El problema es que el partido no salió como quería el míster. Porque una cosa es ser prudente y otra dejarle las llaves del partido al rival mientras tú te dedicas a mirar si viene lluvia mirando al móvil en vez de al cielo. Unionistas tardó veinte minutos en pisar el centro del campo con cierta dignidad ante un equipo que no pareció, ni de lejos, el Brasil del 70. Veinte minutos ante un Mérida que jugó más al modo romano, muy de restos arqueológicos y piedra antigua. Mucho saque de banda al área, mucho balón colgado y mucha sensación de que aquello tenía mucho de asedio pero poco de fútbol. Pero claro, en una de esas hilvanaron tres movimientos con cierto estilo que hizo que Benny Dibrani el gol y Unionistas se quedó mirando con la misma cara que ponemos todos cuando el camarero trae la cuenta sin haberte terminado el pincho.

Pero el fútbol a veces te regala cosas que no mereces. Y Unionistas se encontró un penalti de esos que aceptas a favor como cuando te encuentras un billete de veinte euros en tu viejo abrigo. Lo transformó Álvaro Gómez y, mientras caminaba hacia el balón, se aparecieron todos los fantasmas de los penaltis fallados este año. El empate permitió llegar vivos al descanso, que ya era bastante viendo el panorama sin haber tirado a portería en toda la primera parte.

Luego vino un segundo tiempo algo mejor, aunque tampoco para sacar pecho y pedir una estatua a ninguno de los presentes. Unionistas mejoró porque empeorar, mejor dicho hacer menos, era complicado. Entraron De la Nava, Vadik y Masllorens y el equipo dio esa sensación que traslada quien sale del baño colocándose la camisa con gesto de alivio, tras un buen apuro. Al menos hubo intención: Olmedo lo intentó, Mounir agitó cosas y el equipo acabó presionando arriba más por orgullo que por verdadera sensación de peligro. Pero la realidad era otra: a Unionistas se le veía con los dientes mellados sin nadie capaz de fabricar ese “uy” que te levanta del asiento y hace que derrames la cerveza.

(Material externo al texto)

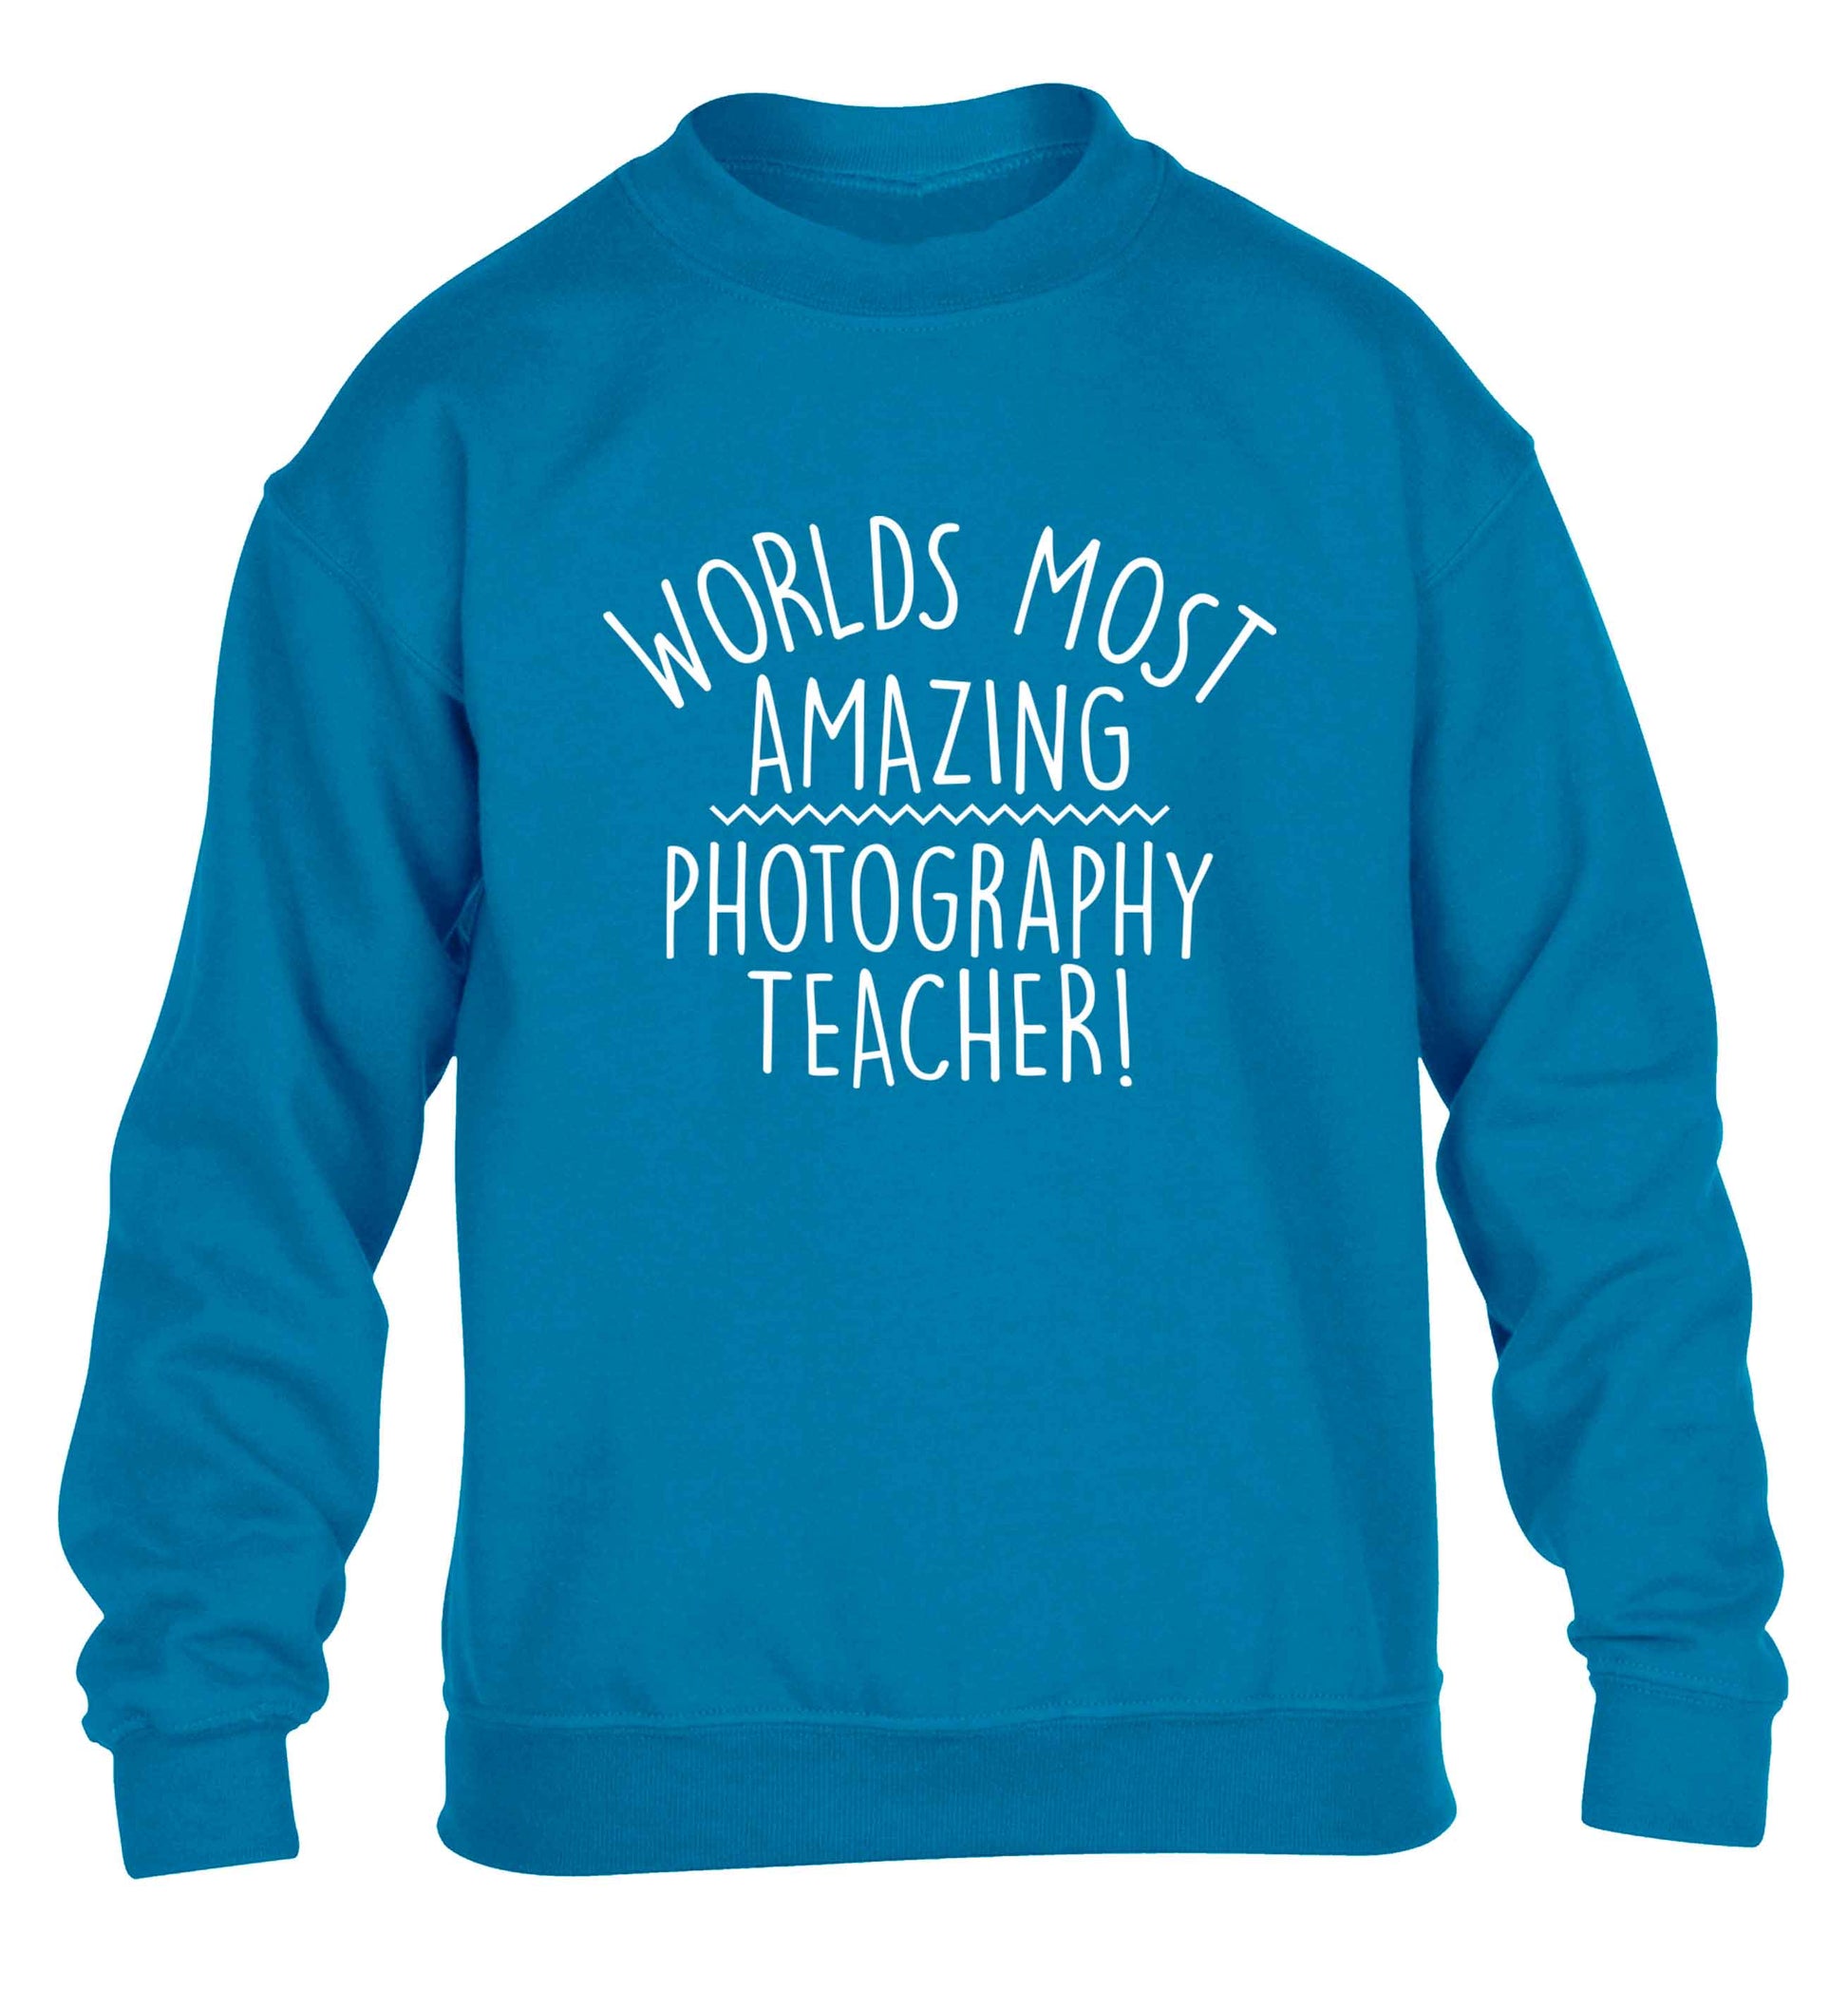 Worlds most amazing photography teacher children's blue sweater 12-13 Years

Así que empate. Y a jugarse la Copa en la última jornada, que es uno de los mejores premios posibles para un club como el nuestro. Un miércoles de diciembre, un Primera División, bocadillo de lomo frío, olor a humedad en la bufanda y esa sensación maravillosa de estar perdiendo el tiempo correctamente. Mucho mejor plan que cualquier resort con pulserita.

Ahora queda el último partido. En casa. Y eso debería ser una fiesta. Pero una fiesta de verdad con sol, calor, pantalón corto y hombros al aire. No una organizada por Mario Simón en un bungalow de Guijuelo. Una con ruido, cerveza caliente, abrazos a desconocidos y la sensación de que, pase lo que pase, seguimos aquí. Que viendo cómo ha sido la temporada, bastante hemos hecho de llegar con el sueño de la Copa a la última jornada aunque lo hagamos como quien va con el coche temblando a la ITV pero, a buen seguro, encontraremos la forma de que nos sellen el papel, salir con la pegatina puesta en el cristal y seguir, un año más, resistiendo.

Superviviente Blanquinegro. Crónicas del fútbol que resiste.